Hundreds protest in Jerusalem against forced deportation of African migrants
Organizers call on government to halt plan, branding move ‘a stain on our morality as a society and a nation’
Some 1,500 people marched through Jerusalem on Saturday night, calling on the government to halt plans to deport nearly 40,000 African migrants and asylum-seekers.
The protesters, both local residents and migrants, held up signs saying “no to forced deportations,” and “love your brother as you love yourself.” Others carried pictures of migrants who were deported from Israel and later reportedly died while trying to reach Europe.
Authorities have launched a major drive to deport the vast majority of the 38,000 African asylum seekers and migrants still in the country, most of whom are from Eritrea and Sudan.
Thousands of the migrants have been told they have 60 days to accept an offer to leave the country for an unnamed African destination — known through press reports to be Rwanda — in exchange for $3,500 and a plane ticket. Those who don’t leave by April 1 will be incarcerated indefinitely.
“We are calling on the government and our public representatives to stop this disaster,” Adi Har Tzvi, one of the organizers, told the Ynet news site. “Deportation is not the solution.”
“This deportation, if we don’t stop it, will be a stain on our morality as a society and a nation,” Har Zvi said.
Israeli officials insist the vast majority of the migrants, whom they refer to as “infiltrators,” are job seekers, and therefore do not have a special right to remain in the country after entering it illegally. The officials object to claims the policy is racist, noting that some 4,000 white Ukrainian and Georgians were deported for immigration offenses in 2017.

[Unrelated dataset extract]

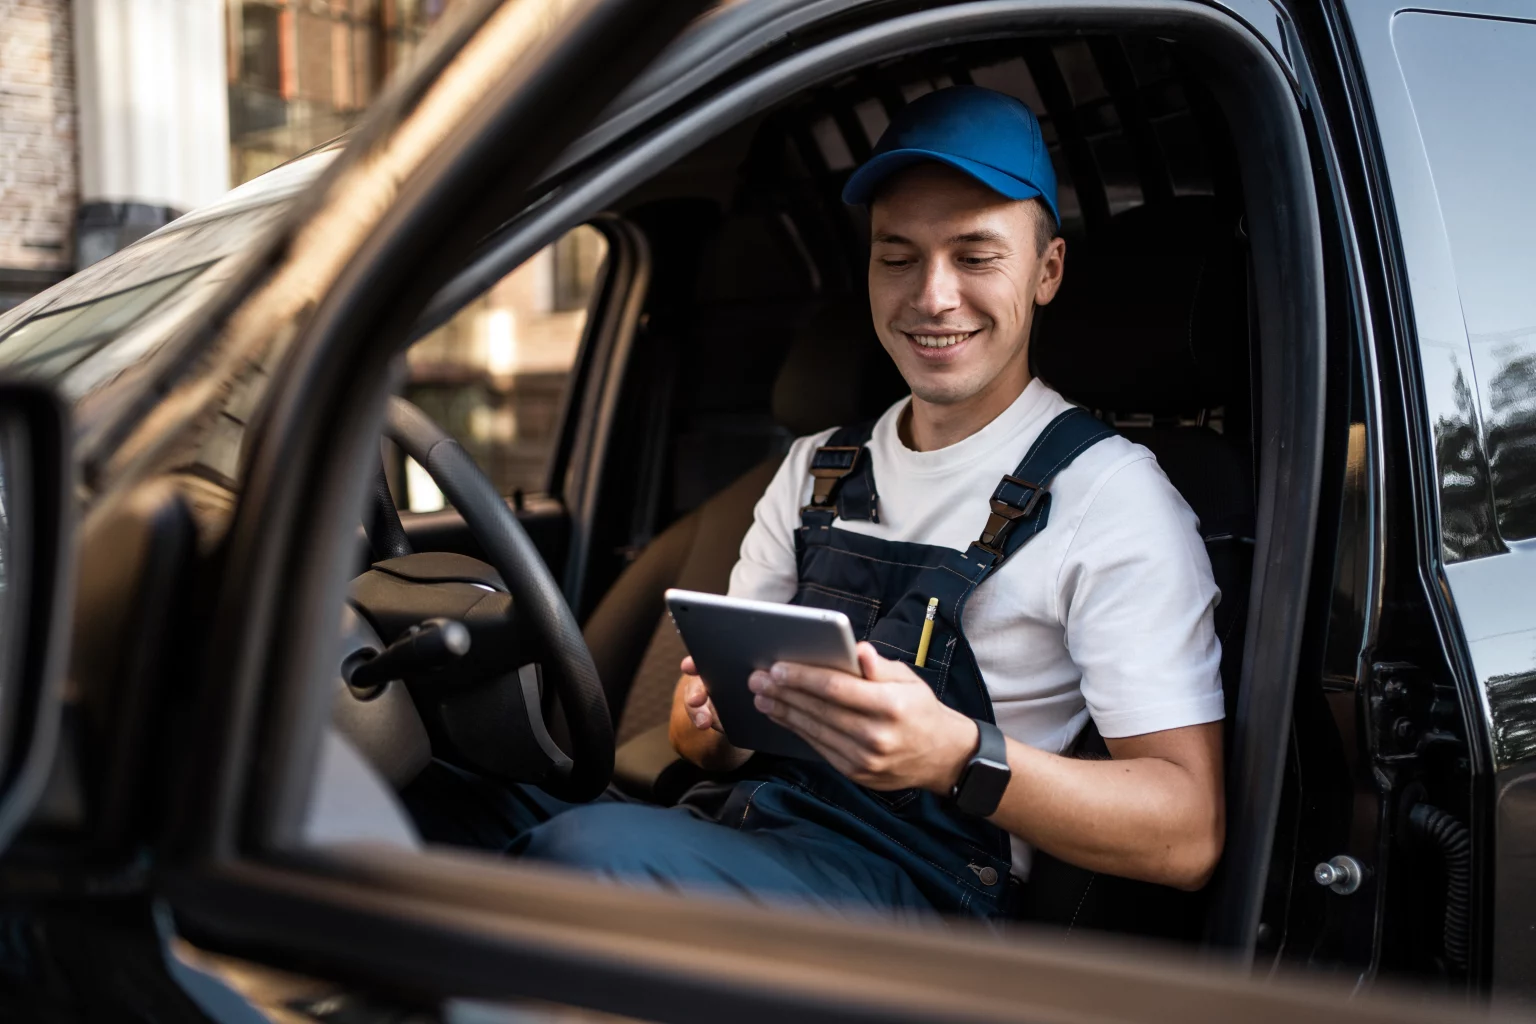 Chauffeur souriant en uniforme utilisant une tablette électronique pour organiser des livraisons, mettant en évidence la gestion efficace des transports.

Backers of the asylum-seekers’ protest insist Israel has not been doing the minimum required by the 1951 Refugee Convention to ascertain whether the migrants are refugees. Only some 6,500 asylum seekers have gone through the Interior Ministry’s refugee status determination process, and just 11 of them, or 0.16 percent, were found eligible. Similar processes in most European countries found double-digit percentages qualified as refugees for migrant populations from Eritrea and Sudan.